-- Information supplied follows --

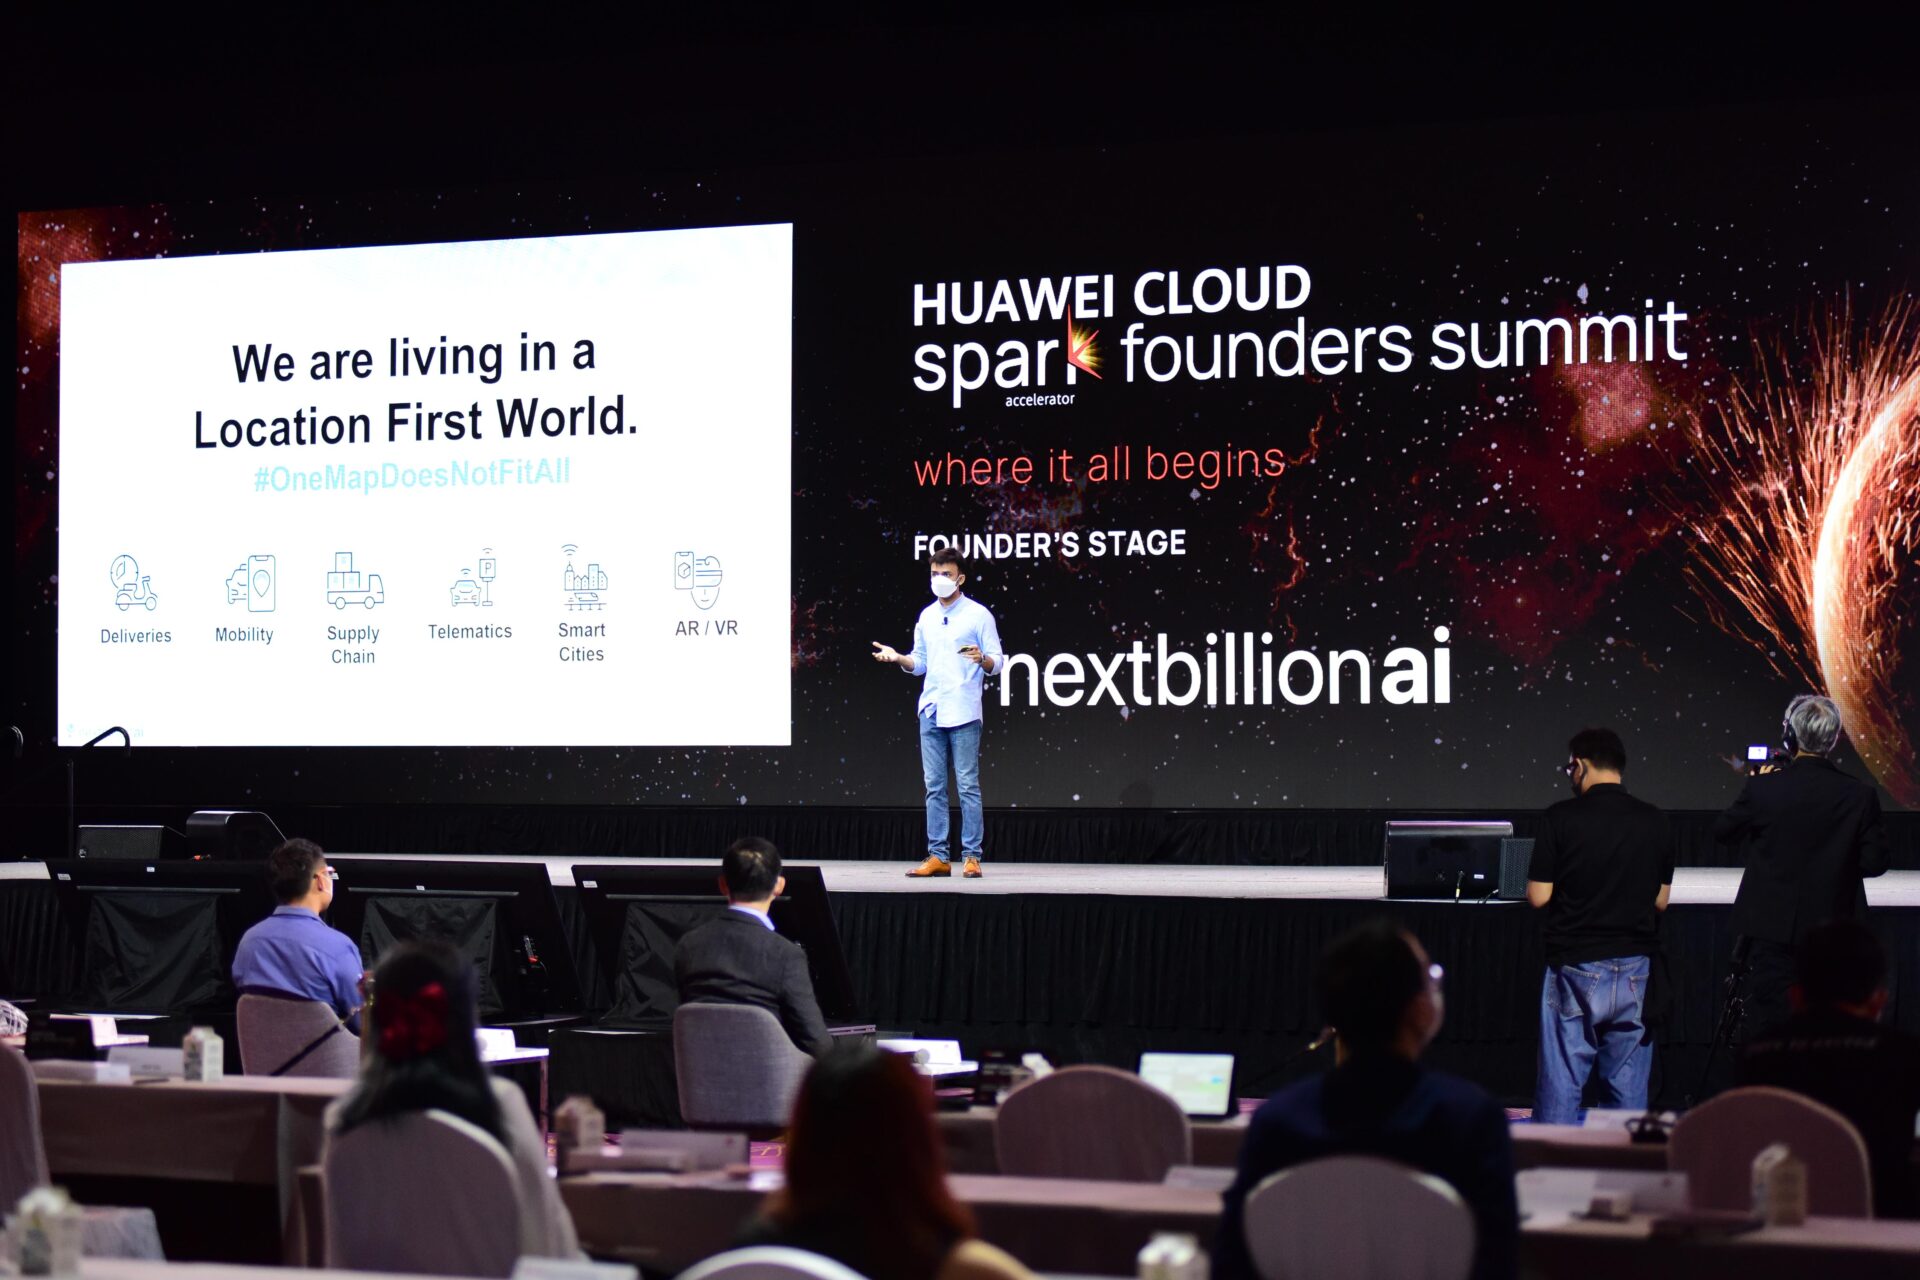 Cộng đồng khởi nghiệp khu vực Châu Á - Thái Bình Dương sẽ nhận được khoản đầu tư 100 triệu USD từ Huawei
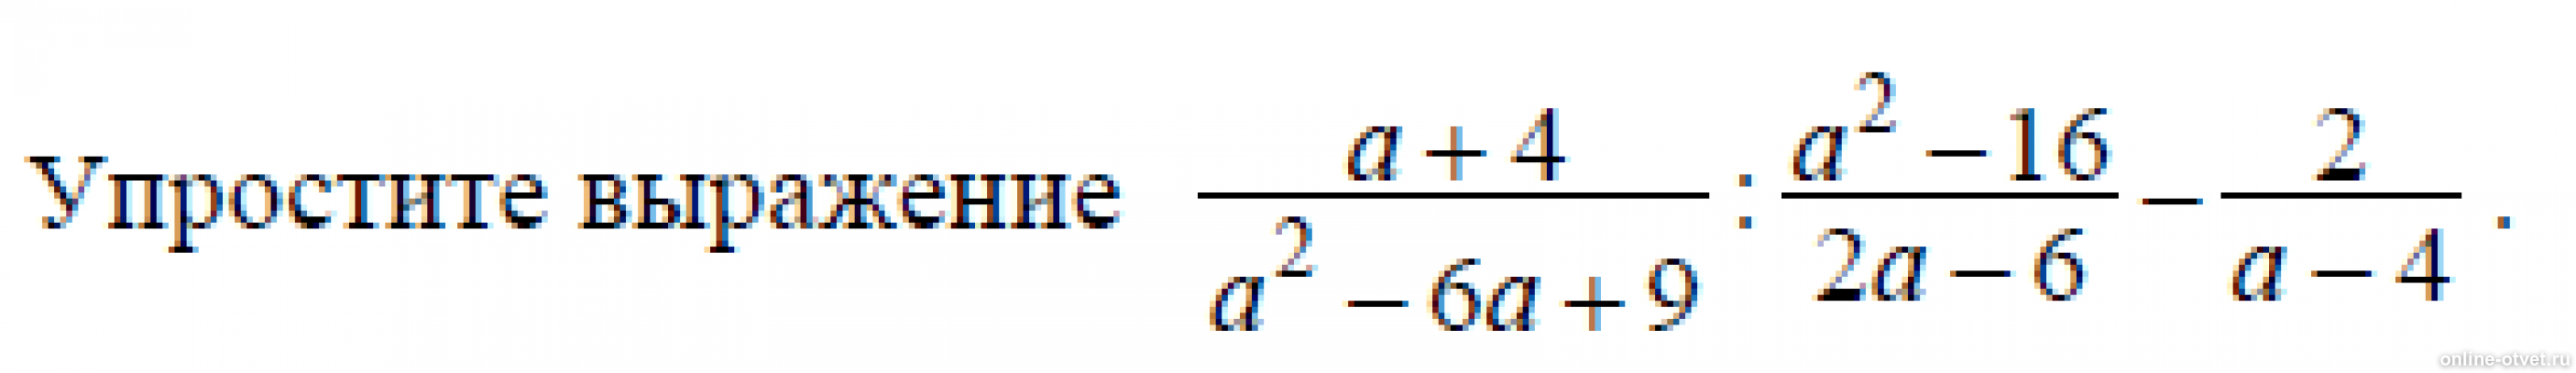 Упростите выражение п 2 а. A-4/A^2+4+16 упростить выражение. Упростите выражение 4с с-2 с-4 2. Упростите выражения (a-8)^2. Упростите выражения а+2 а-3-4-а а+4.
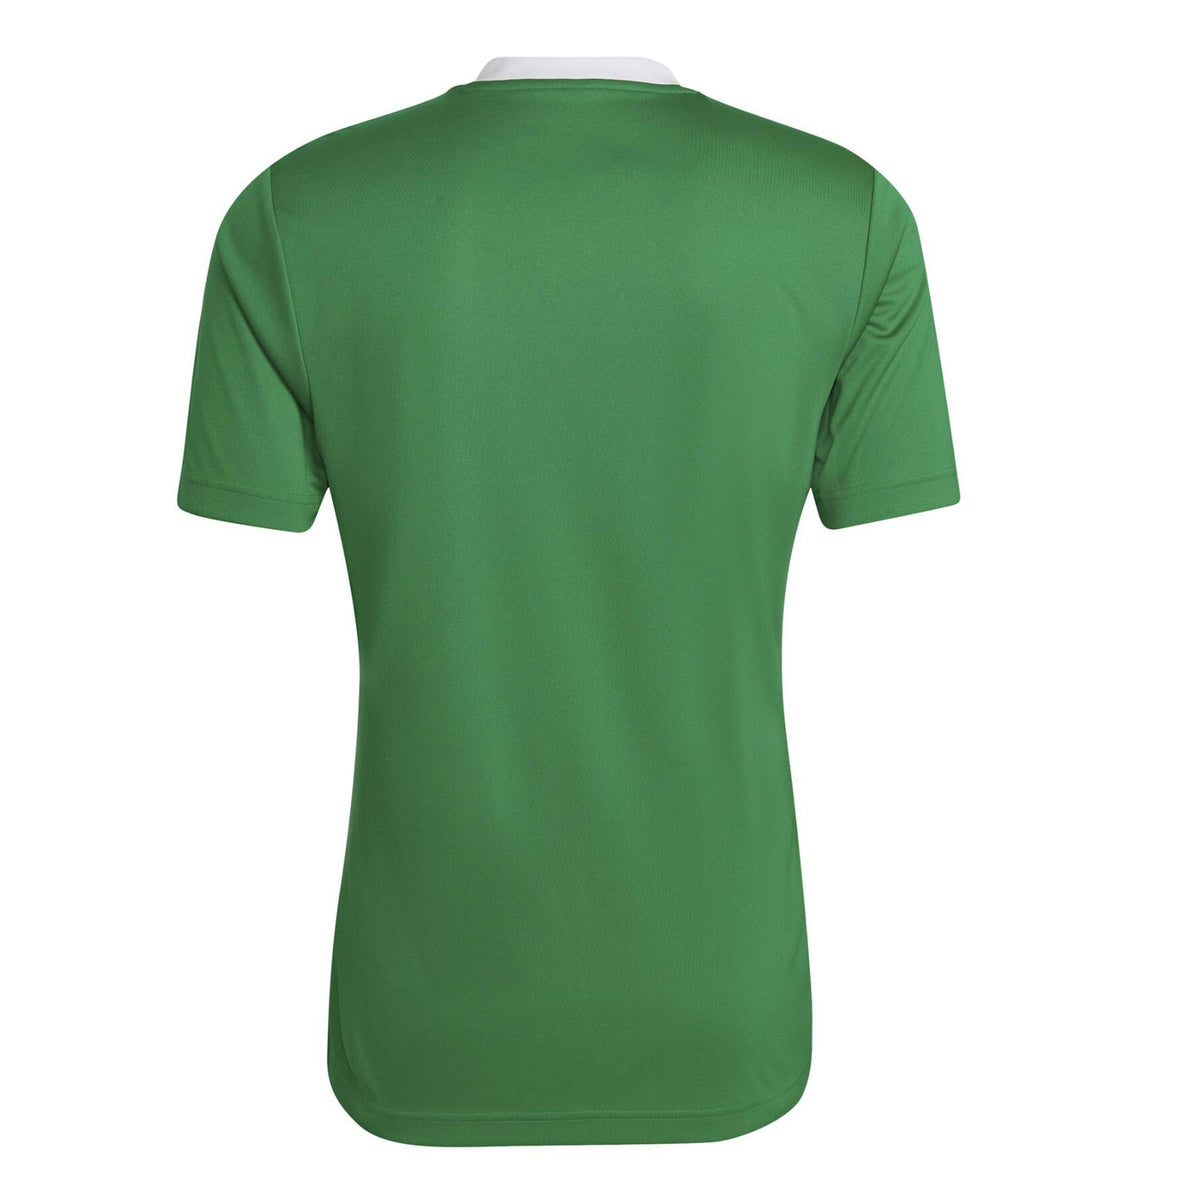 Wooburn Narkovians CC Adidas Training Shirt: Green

-- Information supplied concluded --

**Your objective**
Word for word, print all of the data; skip the pictures.

**Task result**
 Cộng đồng khởi nghiệp khu vực Châu Á - Thái Bình Dương sẽ nhận được khoản đầu tư 100 triệu USD từ Huawei
 Упростите выражение п 2 а. A-4/A^2+4+16 упростить выражение. Упростите выражение 4с с-2 с-4 2. Упростите выражения (a-8)^2. Упростите выражения а+2 а-3-4-а а+4.
 Wooburn Narkovians CC Adidas Training Shirt: Green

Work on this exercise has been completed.